Deciphering the Clean Energy Twittersphere

Background:

Global warming has been an alarming phenomenon since the start of the industrial revolution in the 18th century. Current practices of fossil fuel dependence and environmental destruction are unsustainable for the planet and threaten the availability of future resources. Clean energy technology has gained some traction over the years, but not nearly enough to combat the large carbon footprint of fossil fuel. With so many complications happening in the world, it is difficult to keep track and understand the significance of each one. A more coherent form of communication can not only inform people of the most critical problems, but also promote conversations and action with lasting impact in communities.
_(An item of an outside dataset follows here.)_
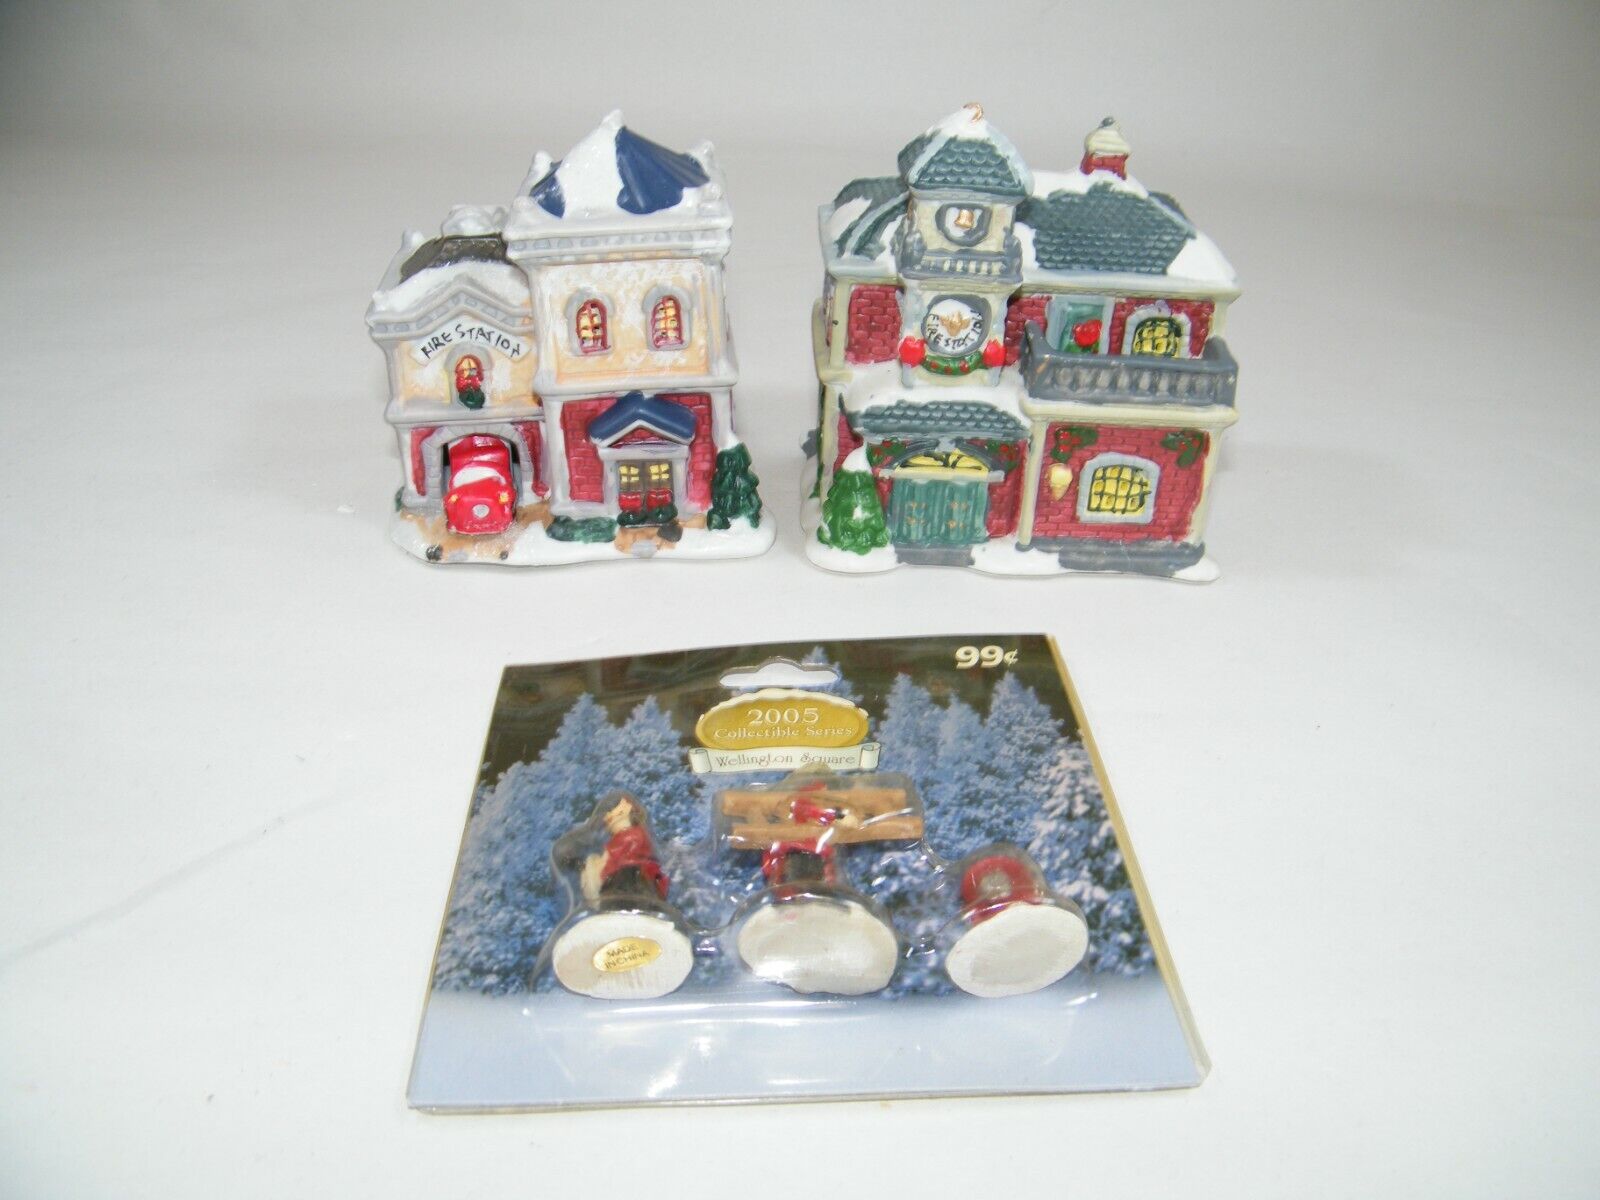 2004 / 2005 WELLINGTON SQUARE COLLECTION FIRE STATIONS & FIGURES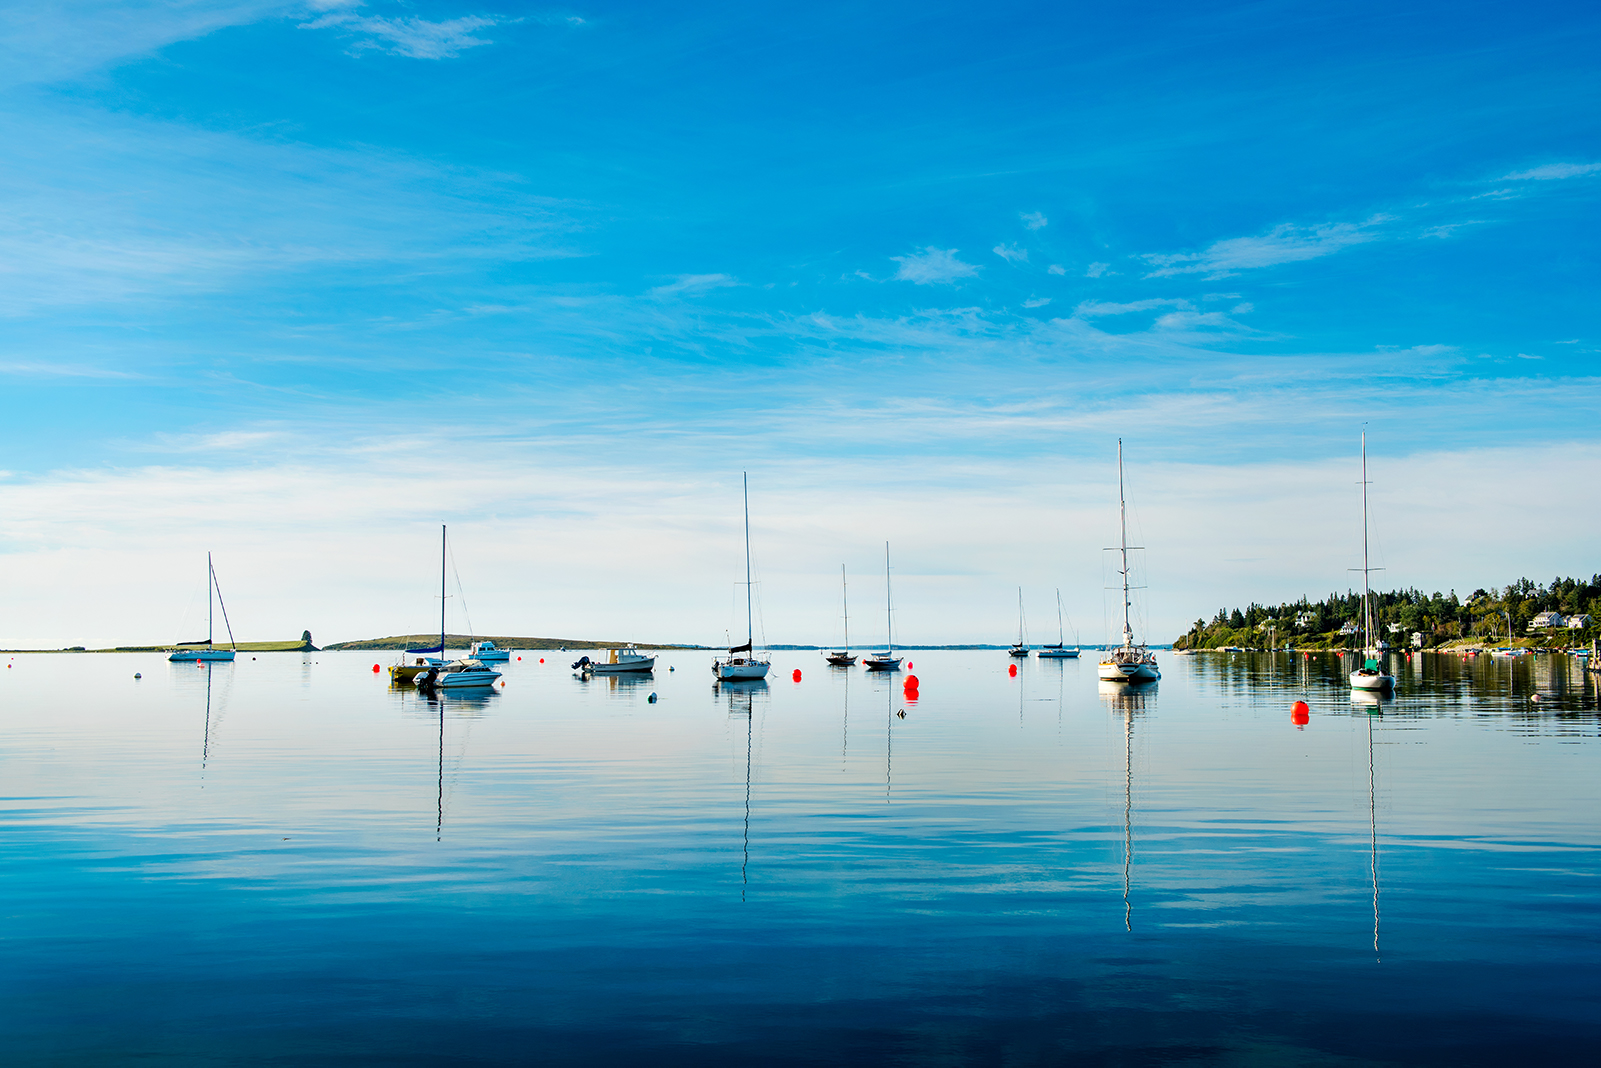 sailboats in Chester Harbour on a sunny day with blue skies reflected on calm ocean water

Social media is one such tool that has enabled mass communication. In the past decade, it has been proven to have profound influence on human behavior and beliefs. Twitter is an example of a social media platform that allows celebrities and popular figureheads to easily reach a wider audience with their opinions and insights. With a large user database of over 300 million, Twitter has the power to spread information that are crucial to creating a safer and more sustainable world.

Data:

This project analyzes and interprets tweets of major influencers within the clean technology and environmental communities. These include politicians, journalists, authors, and leaders of environmental organizations. In order to cover all of the important information from these public figureheads, tweets from 100 users were collected using the Twitter API. The Python library tweepy provides a user-friendly application to extract large amounts of tweets in minimal time. These sets of tweets between 1000 and 3000 per user were then loaded to MongoDB with each user and his or her list of tweets as documents. This resulted in a total of 100 documents within the database.

By using natural language processing tools, such as NLTK and spaCy, it is possible to extract meaningful information from the tweets. Topic modeling can be used to find the most important set of words that define each user. The users can then be clustered based on the topics that represent their tweets the most. These clusters can help one navigate the through topics that are most important to the influencers, and thus, crucial to the environmental mission of sustainable action.

Preprocessing:

The following is an example of a raw tweet collected from the Twitter API. The formatting and special characters within the tweets naturally bring noisy data that makes the raw form difficult to interpret and analyze. Natural language processing is most effective when the texts are in the most basic and lemmatized form.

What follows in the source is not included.